### Data shown
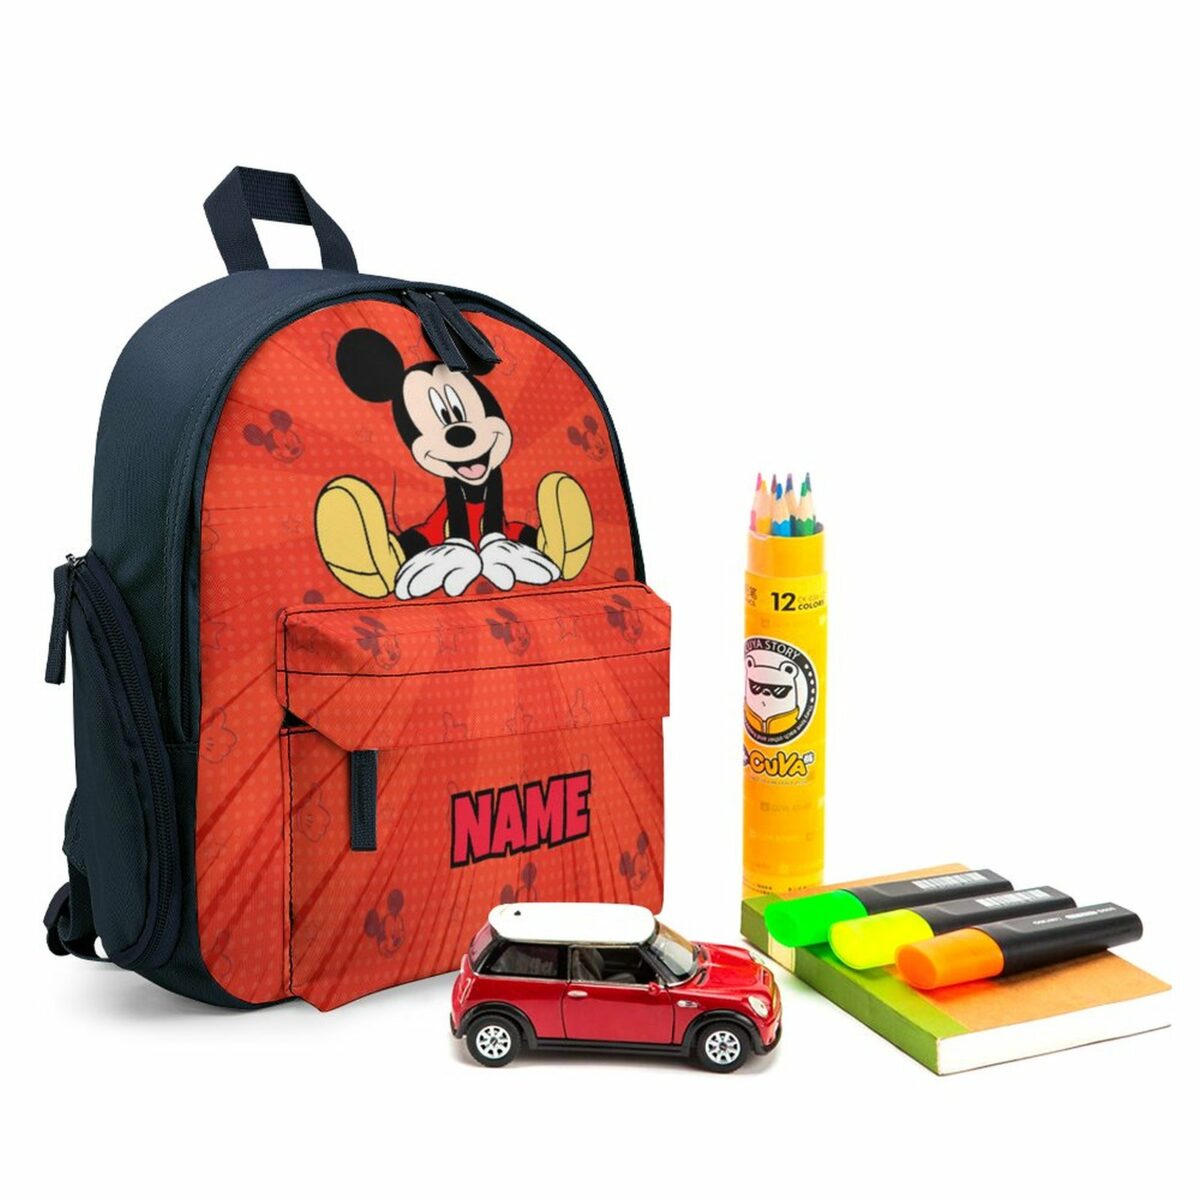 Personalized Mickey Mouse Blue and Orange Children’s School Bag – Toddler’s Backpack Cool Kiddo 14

* * *

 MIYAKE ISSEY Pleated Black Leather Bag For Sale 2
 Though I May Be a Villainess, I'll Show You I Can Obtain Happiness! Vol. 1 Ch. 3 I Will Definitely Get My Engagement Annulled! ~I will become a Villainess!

---

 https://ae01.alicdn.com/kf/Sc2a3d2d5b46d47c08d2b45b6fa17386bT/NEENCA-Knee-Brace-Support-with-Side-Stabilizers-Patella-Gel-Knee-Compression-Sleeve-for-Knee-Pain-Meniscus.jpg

### What you need to do
Begin with the line that has "MIYAKE ISSEY Pleated" in the listing above and end after the line that has "Though I May"; output those lines exactly.

### Exercise answer
 MIYAKE ISSEY Pleated Black Leather Bag For Sale 2
 Though I May Be a Villainess, I'll Show You I Can Obtain Happiness! Vol. 1 Ch. 3 I Will Definitely Get My Engagement Annulled! ~I will become a Villainess!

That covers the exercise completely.